Using an artistic design program was limited to prep work for a 3D printer or measuring dimensions in architectural designs. I was about to discover a lot more in the graphic design and illustrator areas.
My Game Needed Real Art
I had three areas where art was sorely needed: game tiles, box cover and the rule book. I had proxies for the tiles and content for a rule book. The box cover was a blank slate. I had two other areas that needed art, but somehow I thought of the artist need in those areas as secondary: the game board, the game cards.
When choosing designs my the tiles I used free images from pixabay. I picked images that I thought represented to ideas I wanted to get across. I was working with these ideas:
- Education
- Housing
- Food & Water
- GHG & CO2
- Pollution
- Biodiversity Loss
Now I needed a coherent set of images to represent these themes, rather than the odd-mix, hodge-podge that I had. Those six needed to look like they were meant to be together. Those six images needed to be in six different colours. There were a total of 36 game tiles in Habitable Earth.
I had a rule book; two rule books actually. One was four pages with screen shots of Habitable Earth. The other was 16 pages for Climate Change 2030: Running out of Time. I’m focusing on Habitable Earth since it has far fewer pieces and will be less expansive to produce. I used screenshots from Tabletop Simulator for the images in both of my rule books.
A Request for Quotes
I wrote out many details of what I needed done and included some examples of the kind of style I was looking for.
I listed the sizes of the tiles and cards I was using, the size of the box and of the game board, too. I would only need two cards designs as templates.
One template for content related to the tile designs, and another template related to the colours of the designs.
I went through Interactivity’s alphabetical list of board games they sell and commented on what I liked or didn’t like about. That felt like a struggle, and not something I would normally choose to do. I can see and appreciate designs I like, but actually putting that appreciation to words was a challenge.
The box cover was pretty open ended. I just wanted to have the typical marking: age ranges, number of players, and time required to play. I also needed to include the European testing symbol.
I ended up with a three page description of what I wanted and four other documents:
- a collection of game box covers and my opinions of them,
- the rule book
- samples of cards I was working with, and
- the inspiration for the Doughnut shaped game board
I hadn’t anticipated such a large volume of materials.

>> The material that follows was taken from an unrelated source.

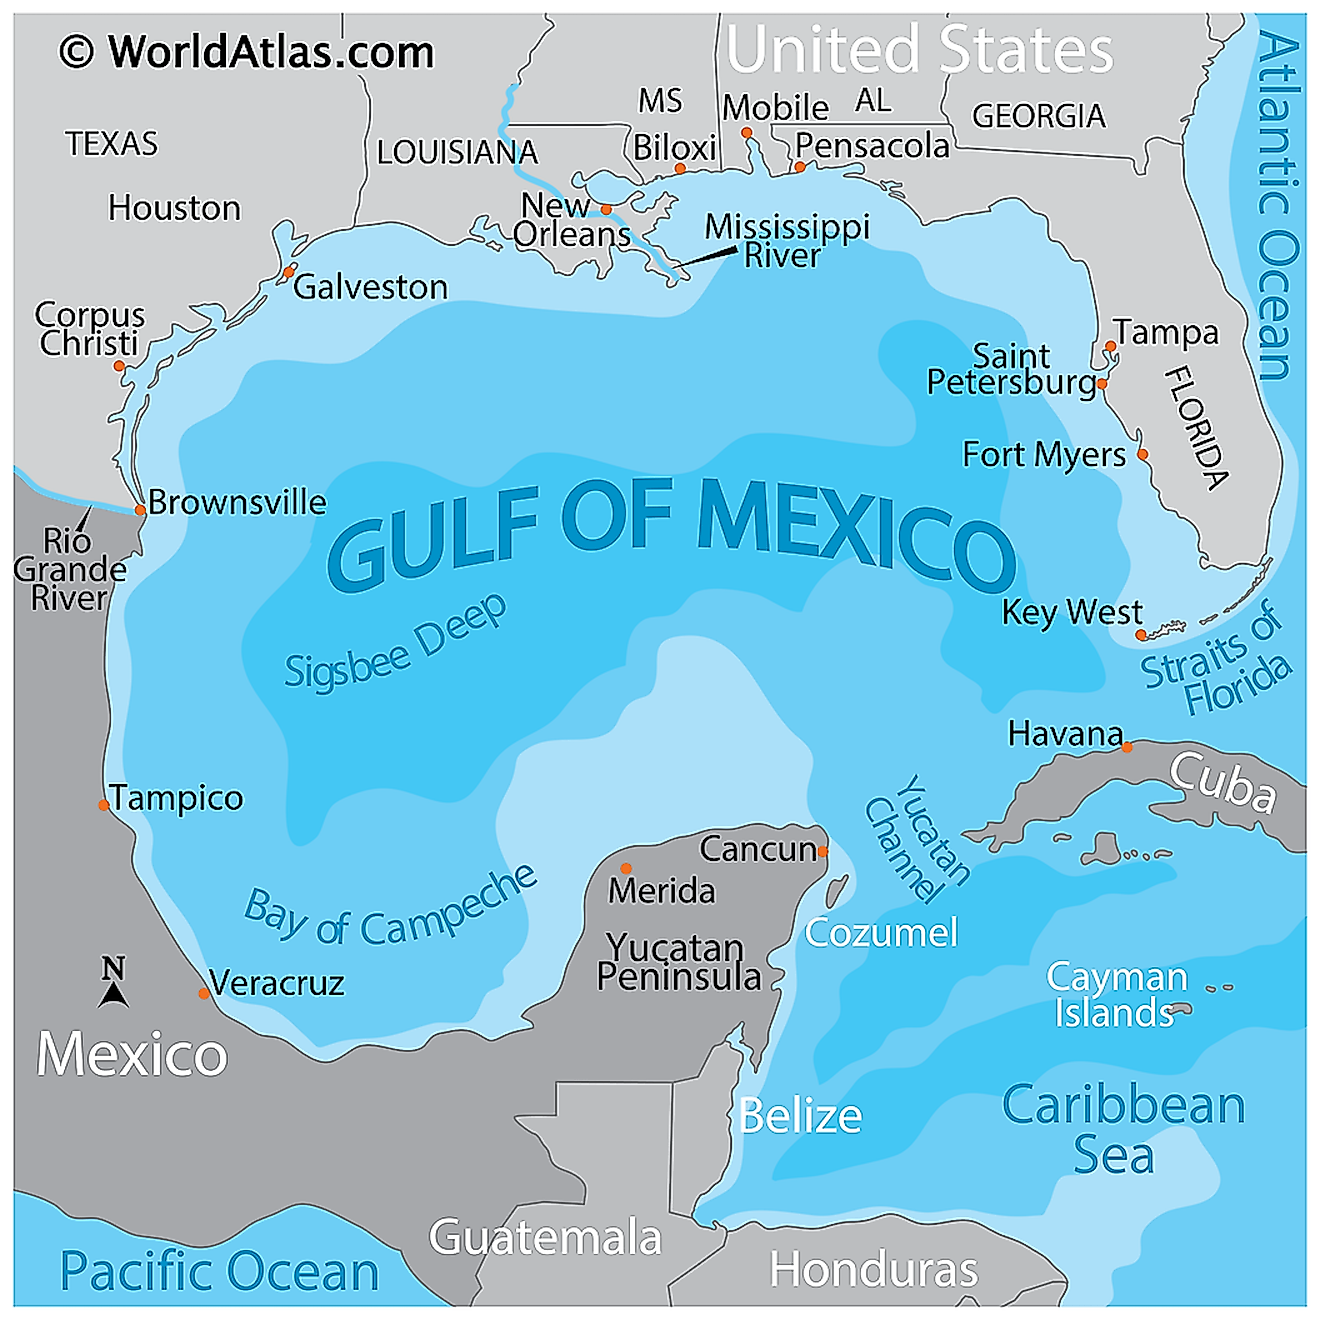 Gulf of Mexico map.

I post a request in the FB group: Art and Graphic Design for Tabletop Games. I said that I’d send the full packet to anyone who’s interested. I decided to distribute my requirements that way so I could follow up on anyone who was checking out my materials.
Graphic Artist vs Illustrator
I received a several responses from people who asked for the whole RFQ packet. I sent all of those out with the acknowledgement that these five pdfs were a lot to digest and said to feel free to take a week to respond.
After sending all of those out, I got one very detailed response right away.
This was from person who self-identified as both a graphic designer and a fine artist. He said that his style of fine art was not what I was looking for, but he’d like to do the graphic design. He then went on to say that I was actually looking for both a fine artist to create the illustrations and a graphic designer to put the images seamlessly together.
The box cover and the rules book each require someone to assemble a big picture that contains lots of littler pictures. As other responses trickled in, I started to hear similar ideas, but often not as clear and bold (which I very much appreciated) as the first.
I heard from several artists who said they could do illustrations, but could not do the rule book. Some just said they didn’t do graphic design. So, I learned there’s a difference between an illustrator and a graphic designer.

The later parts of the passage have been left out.